A married couple that will join the vehicle after a near crash will appear later in a second dream sequence. Their name is Alman, and the man is a thinly veiled portrait of the critic Stig Ahlgren. He was known for his ruthless criticism and was particularly harsh towards Bergman’s Smiles of a Summer Night (Sommarnattens leende 1955). Here he is depicted as a cruel man in a marriage that has gone sour. That he would appear in Isak’s second nightmare as an examiner who fails him makes perfect sense. Not least, considering that the main character shares the director’s initials.

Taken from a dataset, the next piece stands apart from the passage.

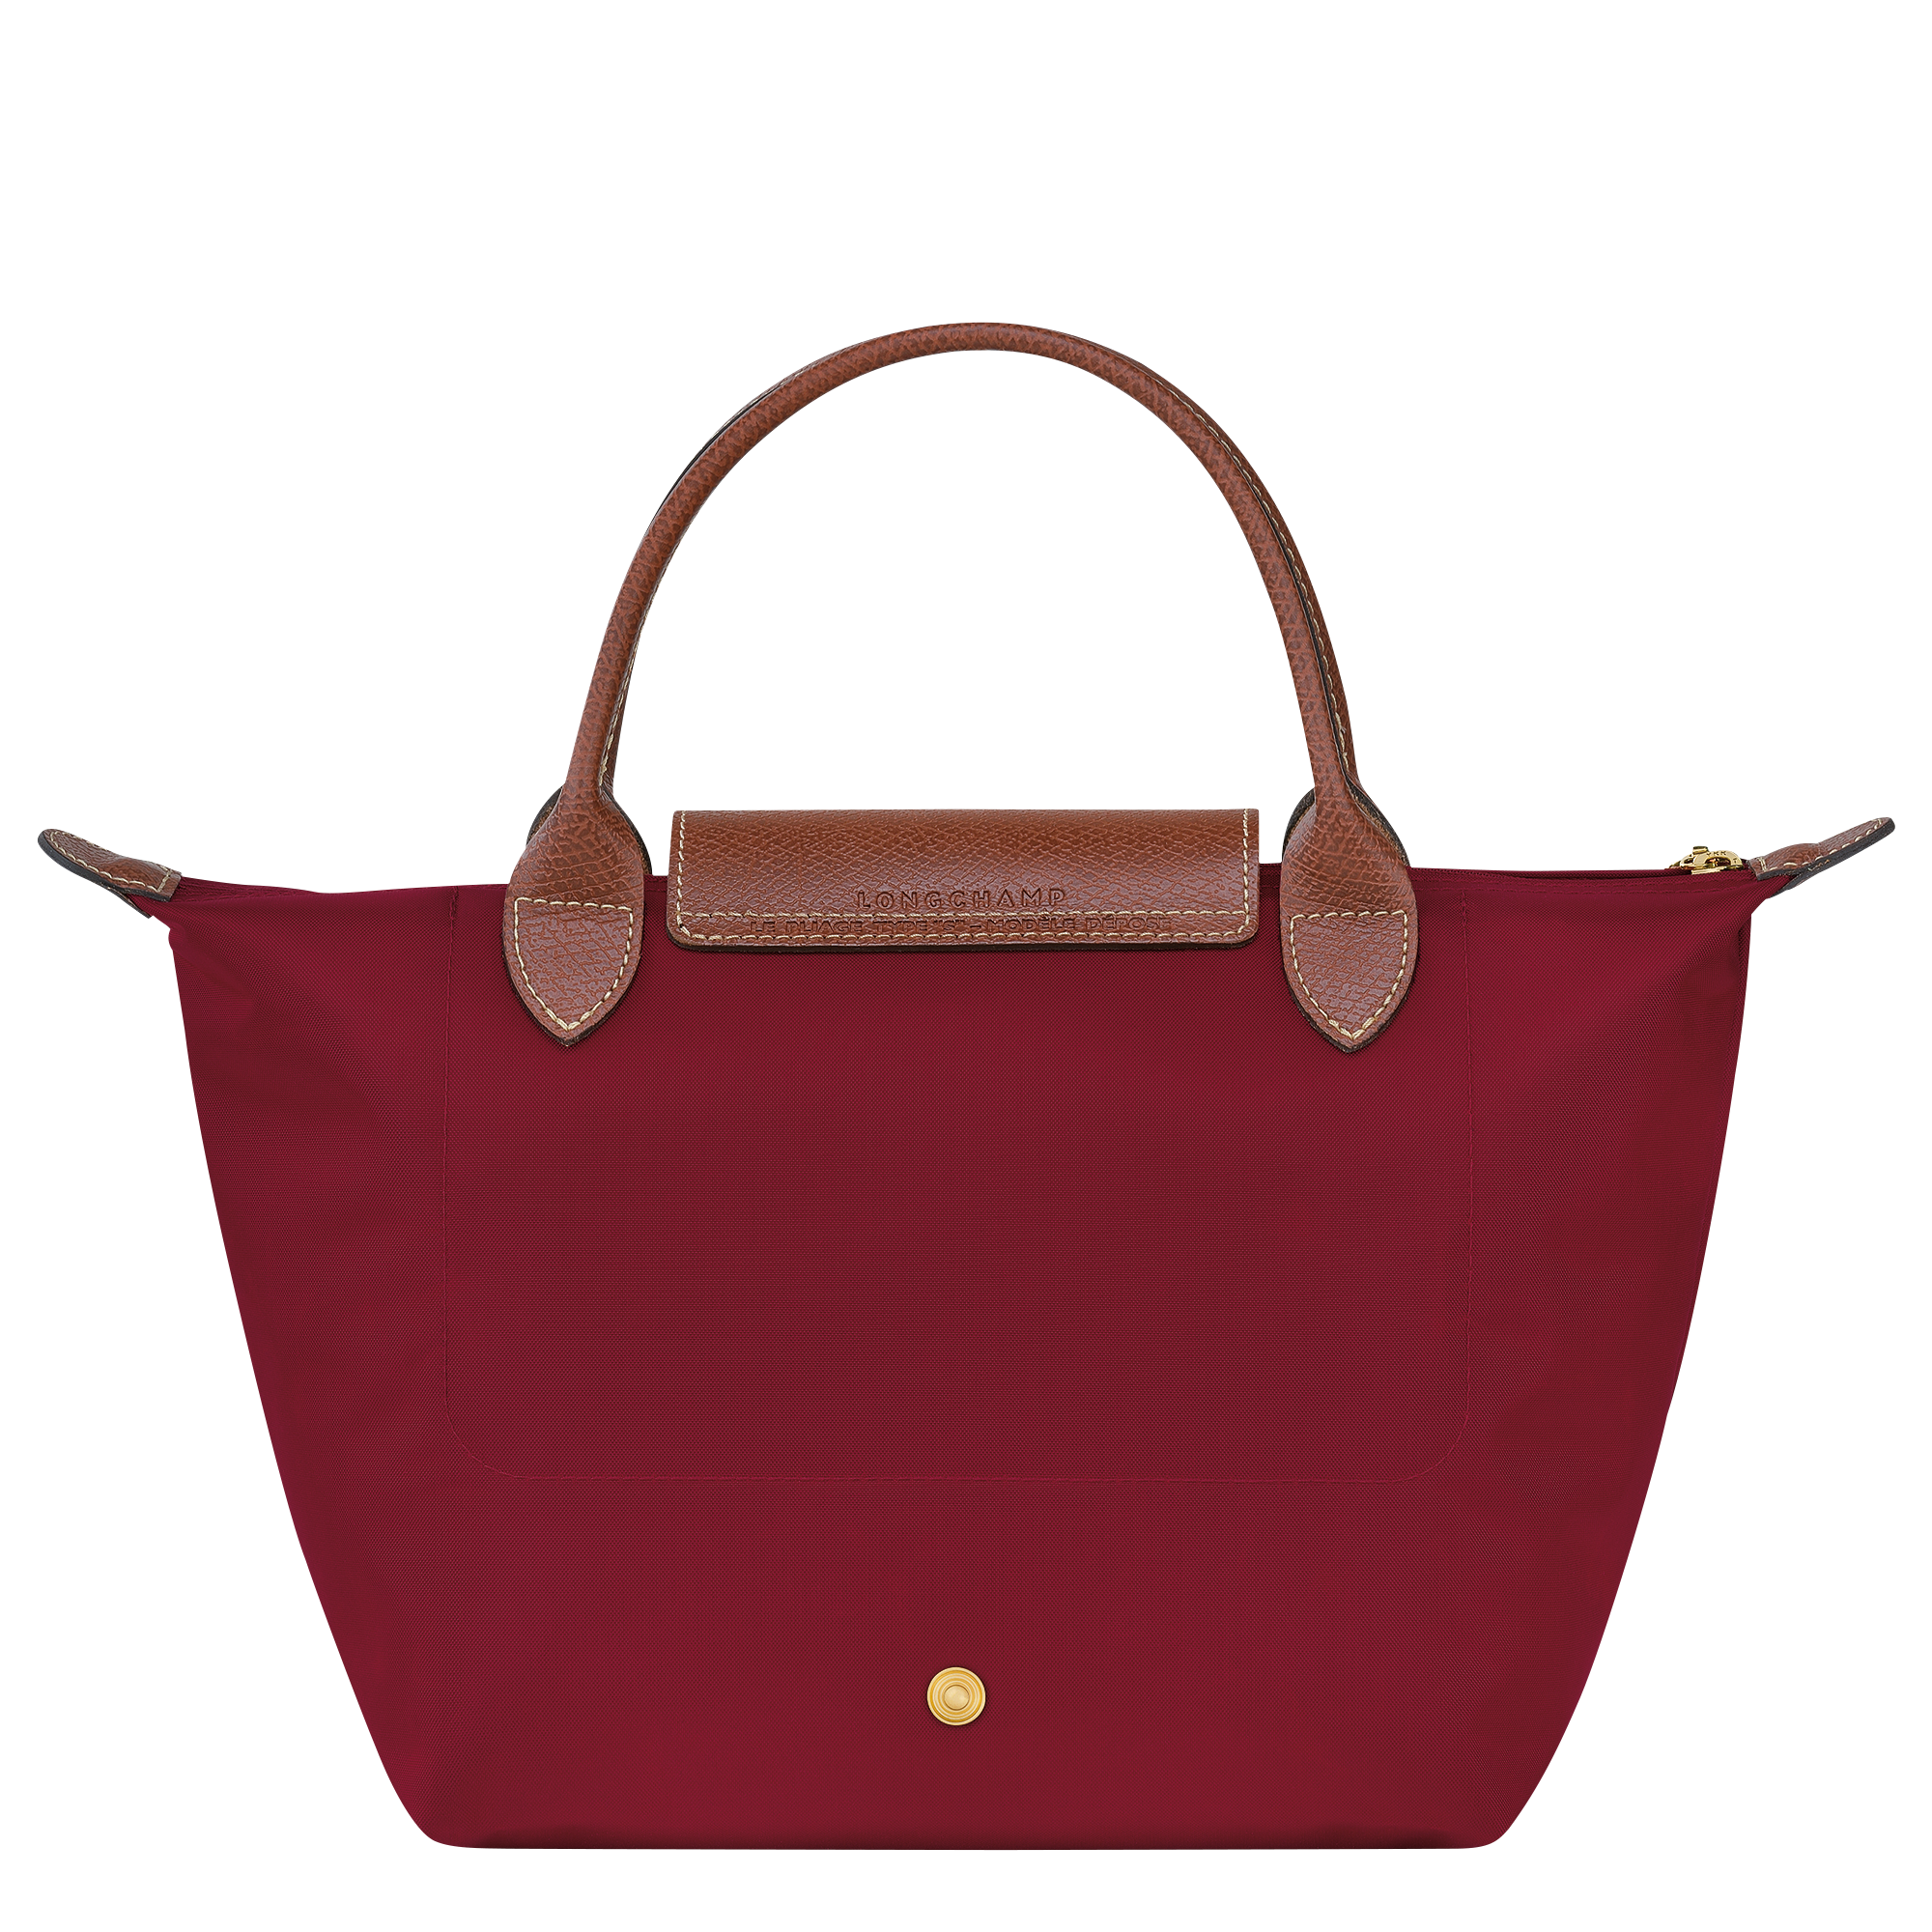 Le Pliage Original Handbag S, Red
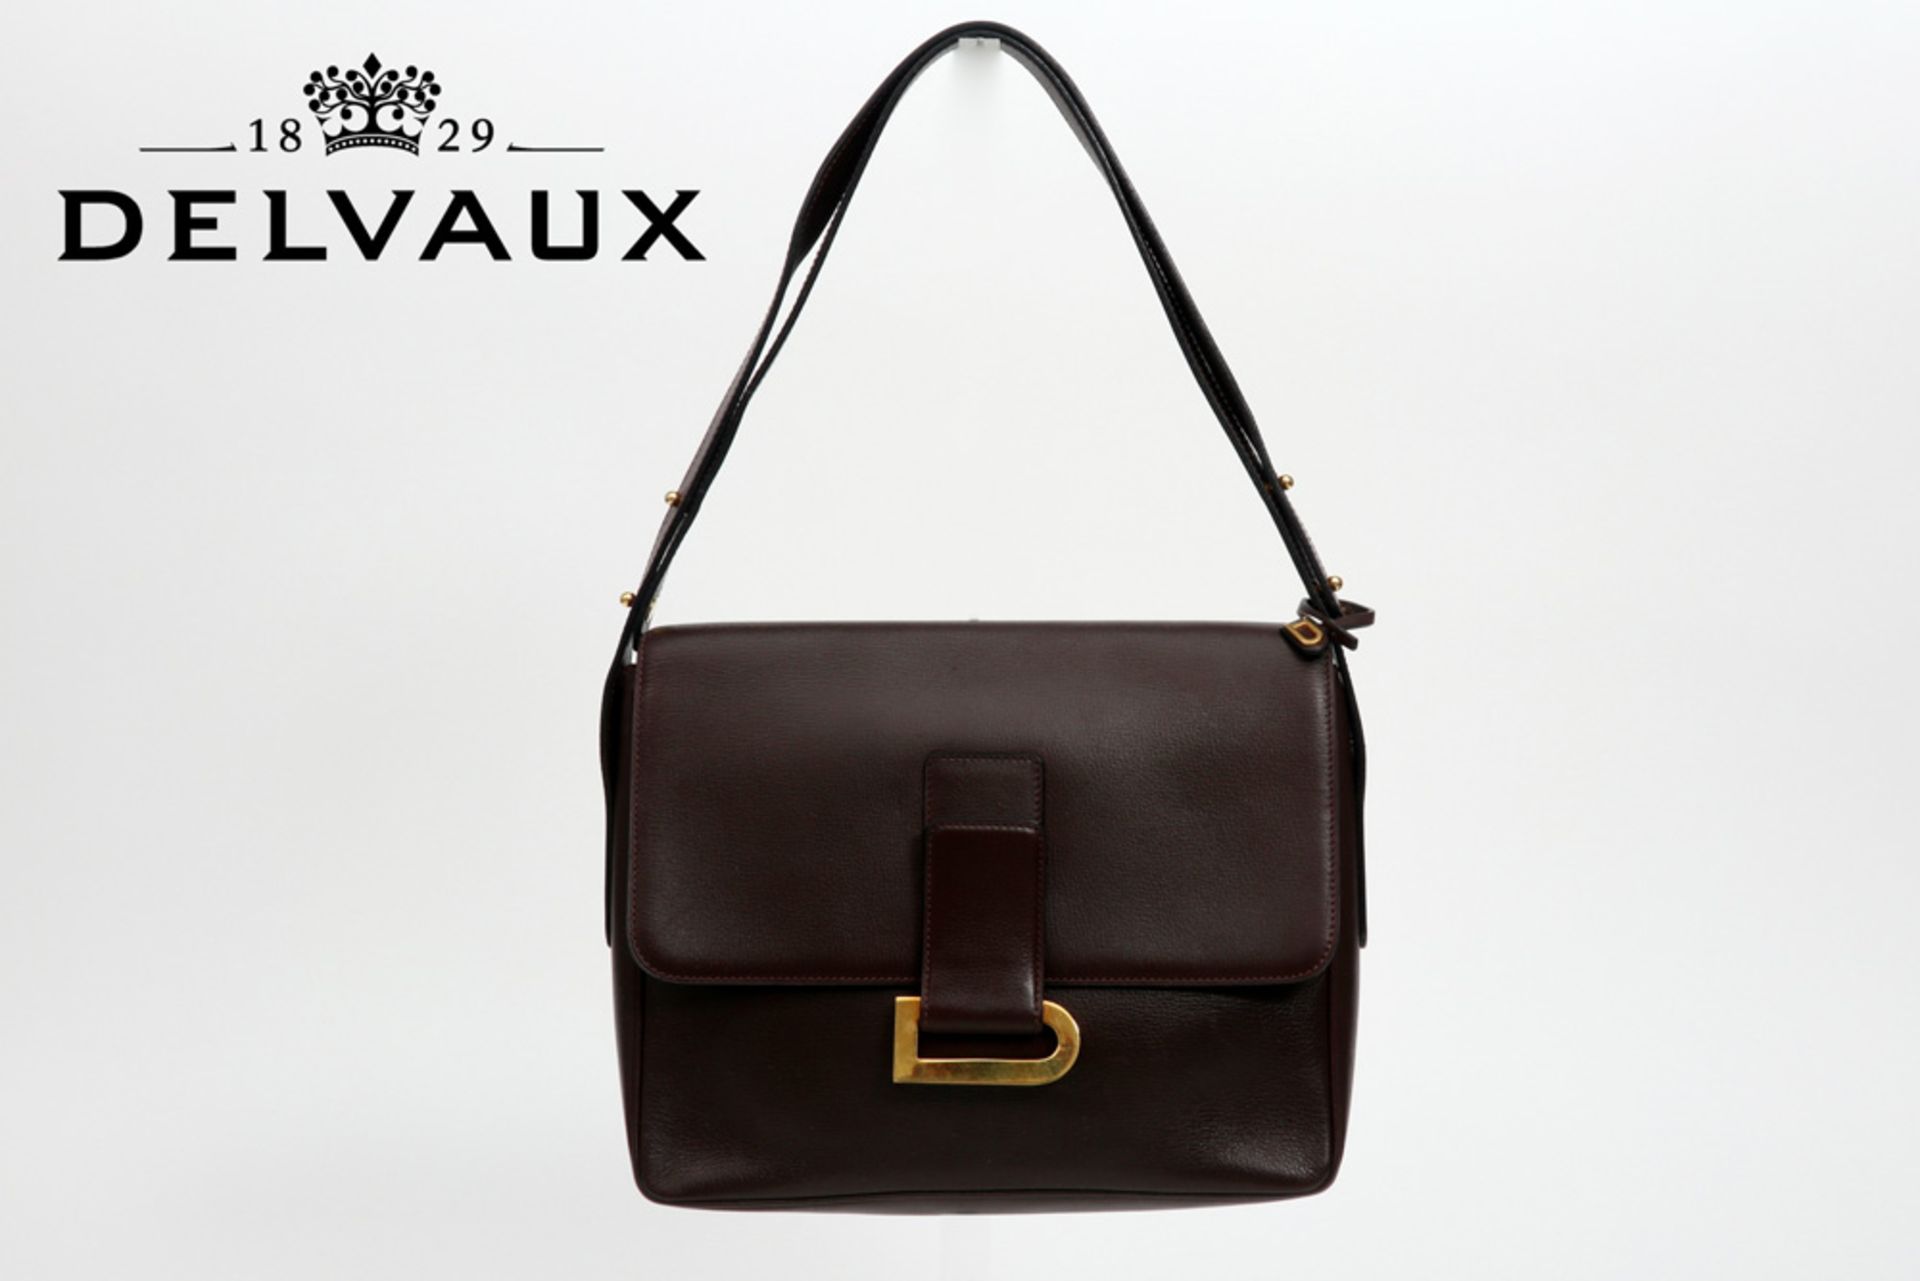 vintage Delvaux marked handbag in brown leather || DELVAUX klassieke vintage handtas in bruin

One part of the examination contains a language test. Bergman would repeatedly talk about his weak vocabulary, for instance, in the book “Bergman on Bergman”. If this sounds vindictive, it should be pointed out that his films in the fifties received quite terrible reviews at times, in particular, but not exclusively, Sawdust and Tinsel (Gycklarnas afton, 1953). What is now considered one of his greatest films made one reviewer exclaim, “I refuse to perform an ocular inspection of the vomit that Ingmar Bergman left behind on this occasion.” The Alman couple also functions as a mirror of Isak’s unhappy marriage.
Isak is not beloved by his relatives. Marianne calls him an old egoist who is utterly ruthless and doesn’t care about anyone else than himself. She also claims that his son hates him. Thus, we early get a very negative view of a cold-hearted person. This is also emphasised, not too subtly, by the name. Is means ice in Swedish, and the writer admitted that was the reason he chose that name.
Borg (fortress) emanated from the fact that the doctor was difficult to get close to. It’s obvious that he can be quite cruel, considering his comments to Marianne on her marriage to his son.
However, this image of him is challenged when they stop for gas in Isak’s former hometown, Gränna. The gas attendant Henrik (a small role by the late, great Max von Sydow) won’t accept any payment for the gas, referring to what the doctor did for them and others in the neighbourhood. It doesn’t appear to be financial aid, but rather something human since Henrik stresses it can’t be paid “not even with gasoline.”
The film has inspired countless other films. The crudest example might be Woody Allen’s Another Woman (1987), which even begins with the sound of a clock, just like Wild Strawberries does. In my mind, the greatest film influenced by Bergman’s film is Providence (1977) by the aforementioned Alain Resnais.
Just like Isak Borg, Clive Langham (one of John Gielgud’s strongest performances) is 78 years old. He’s not a doctor but an artist, like so many of Bergman’s protagonists. Like Isak, Clive also has issues with his son Claude. Nightmarish visions haunt him constantly in David Mercer’s highly inventive script, where the truth of family members is also challenged.
Wild Strawberries is not technically perfect. Cinematographer Gunnar Fischer was never happy with the fact that back-projection had to be used for the car scenes due to Sjöström’s poor health. It could be argued, however, that it lends a suitable theatrical feeling to the film and that it also ties the work closer to another one of Bergman’s great influences: August Strindberg. He staged A Dream Play several times in the theatre, and reading Strindberg’s own statement about that work is an apt illustration of Wild Strawberries as well.
“Time and space do not exist. Upon an insignificant background of real-life events, the imagination spins and weaves new patterns; a blend of memories, experiences, pure inventions, absurdities and improvisation.” This introduction is also quoted near the end of Bergman’s last film for the cinema, Fanny and Alexander (1982).
Anchored by Sjöström’s towering performance, most memorably in the last scene, Wild Strawberries remains one of Bergman’s most beloved works, and deservedly so.